● **Assigned task**
No pictures belong in the copy. Retype exactly, and only, the stretch of lines below from the one with "Safety Girl Pants" through the one with "Free Download Romantic".

● **Dataset records**

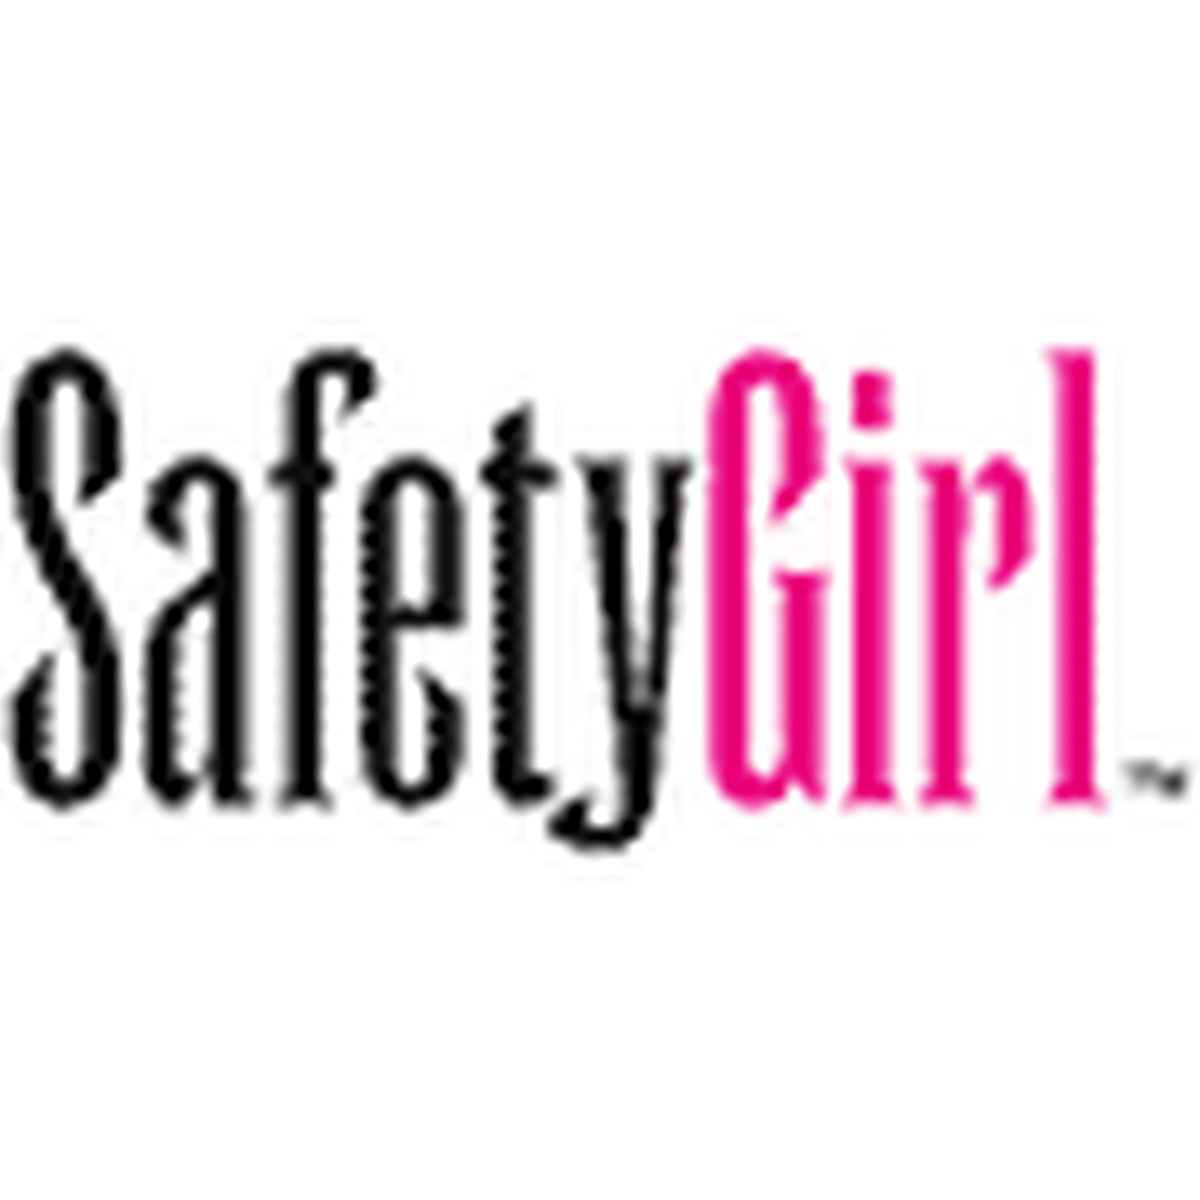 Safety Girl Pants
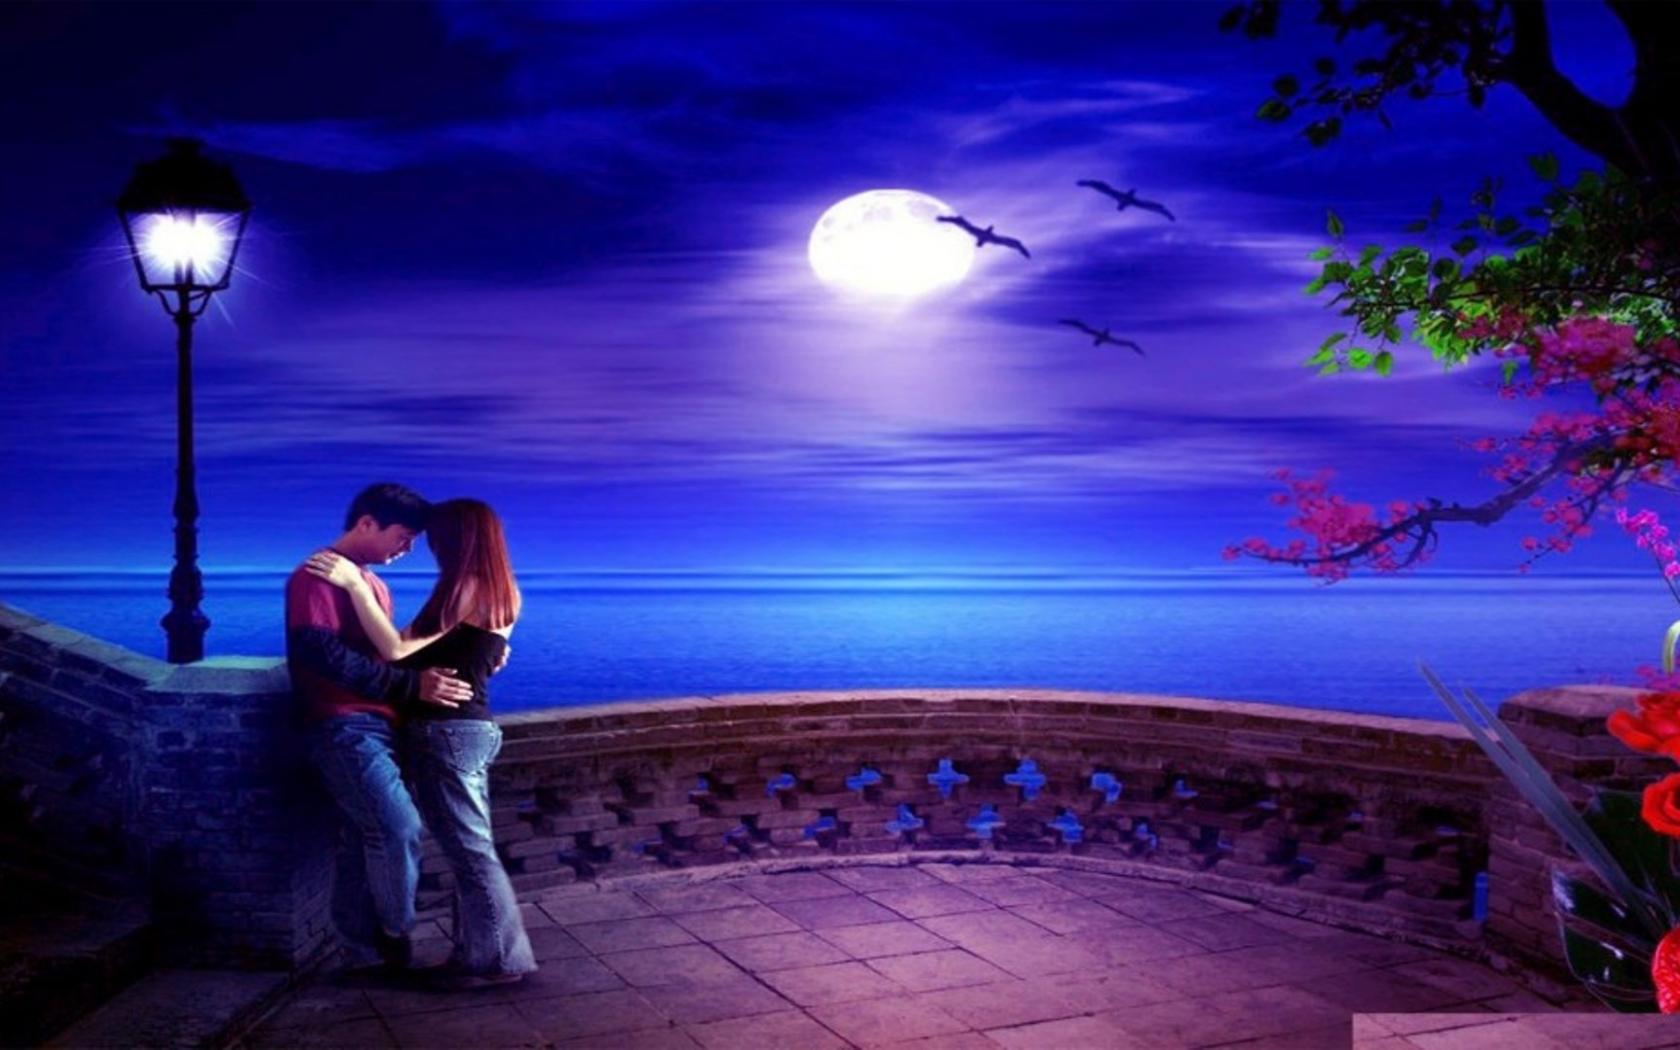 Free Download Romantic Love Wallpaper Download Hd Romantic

---

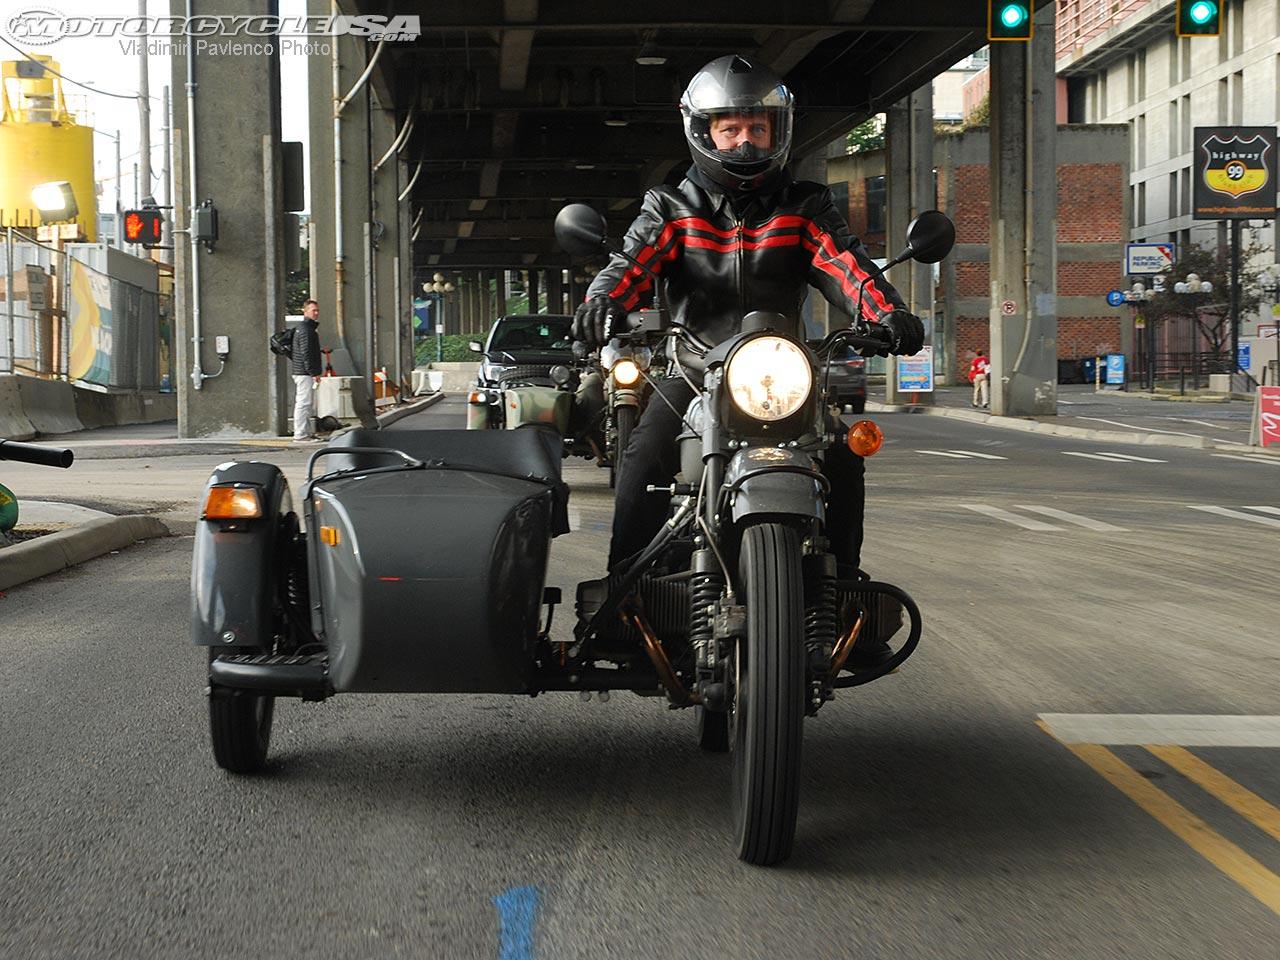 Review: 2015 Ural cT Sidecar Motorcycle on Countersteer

● **Reply**
 Safety Girl Pants
 Free Download Romantic Love Wallpaper Download Hd Romantic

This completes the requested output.